I have the following recurrence relations:
$$t_0=\frac{1}{a+b}+\frac{a}{a+b}\frac{1}{c}\\t_n=\frac{1}{a+b}+\frac{a}{a+b}\frac{n+1}{c}+\frac{b}{a+b}\sum_{j=1}^n p^j q^{n-j} t_{n-j}\\with\quad\quad p+q=1.$$ I want to find a closed form expression for $t_n$ (iterative form). I calculated $t_1, t_2, t_3, t_4$ and then try to find the iterative pattern, but I couldn't.

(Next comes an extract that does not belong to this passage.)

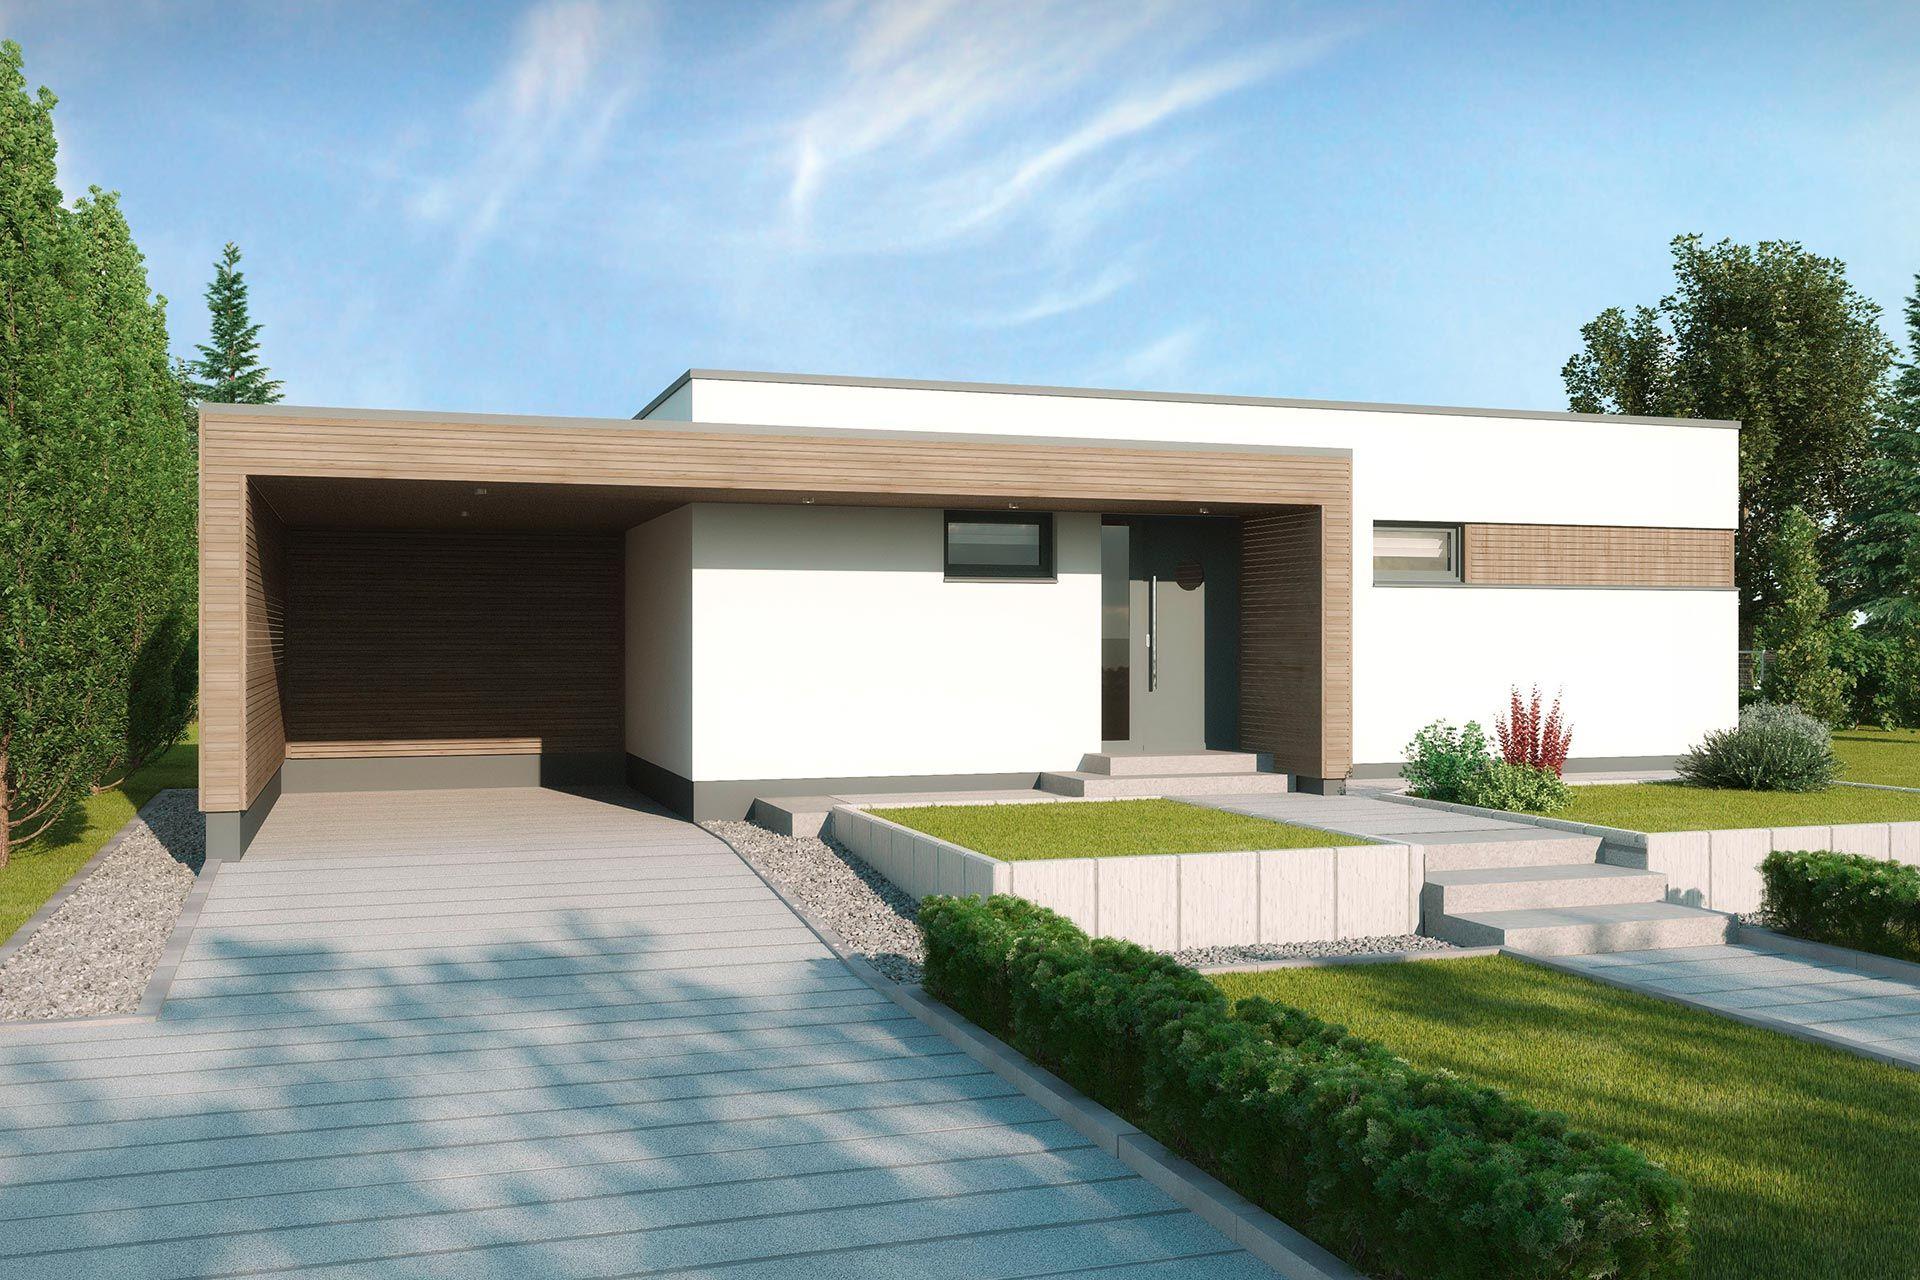 Hausfassade modern bungalow  Bungalow | Moderne Häuser | Pinterest | Moderne häuser ...

The expressions that I obtained are \begin{align}t_1&= \frac{1}{a+b}+\frac{a}{a+b}\frac{2}{c}+\frac{b}{a+b}p~ t_0\\ t_2&=\frac{1}{a+b}\left(1+\frac{pqb}{a+b}\right)+\frac{a}{a+b}\frac{1}{c}\left(3+2\frac{pqb}{a+b}\right)+\frac{b}{a+b}\left(p^2+p^2q\frac{b}{a+b}\right)t_0\\t_3 &=\frac{1}{a+b}\left(1+\frac{p^2qb}{a+b}+\frac{pq^2b}{a+b}+\frac{p^2q^3b^2}{(a+b)^2}\right)+\frac{a}{a+b}\frac{1}{c}\left(4+\frac{b}{a+b}pq^2(3+2\frac{pqb}{a+b})+2p^2q\frac{b}{a+b}\right)+\frac{b}{a+b}\left(\frac{b}{a+b}p^3q^2(1+\frac{qb}{a+b})+p^3q^2\frac{b}{a+b}+p^3\right)t_0. \end{align} From these equations how to obtain the general iterative form?
It seems the following.
Let $n\ge 2$. Then $$\sum_{j=1}^n p^j q^{n-j} t_{n-j}=p\sum_{j=1}^{n-1} p^j q^{n-1-j} t_{n-1-j}+ pq^{n-1} t_{n-1}.$$ So, using the recurrent formula for $t_n$ we obtain
$$t_n-pt_{n-1}=\frac {1-p}{a+b}+\frac{a}{a+b}\frac{n+1}{c}- \frac{pa}{a+b}\frac{n}{c}+ \frac{b}{a+b} pq^{n-1} t_{n-1}.$$
Update. Which yields:
$$t_n=(p+xq^{n-1})t_{n-1}+yn+z,$$
where $x=\frac{bp}{a+b},$ $y=\frac{a(1-p)}{(a+b)c},$ and $z=\frac{c-pc+a}{(a+b)c}.$
Unfortunately, the general formula for $t_n$, which I obtained from it, is essentially as complex as the recurrent one.
$$t_n=t_1\prod_{j=1}^{n-1} (p+xq^j)+\sum_{i=2}^{n} (yi+z)\prod_{j=i}^{n-1} (p+xq^j).$$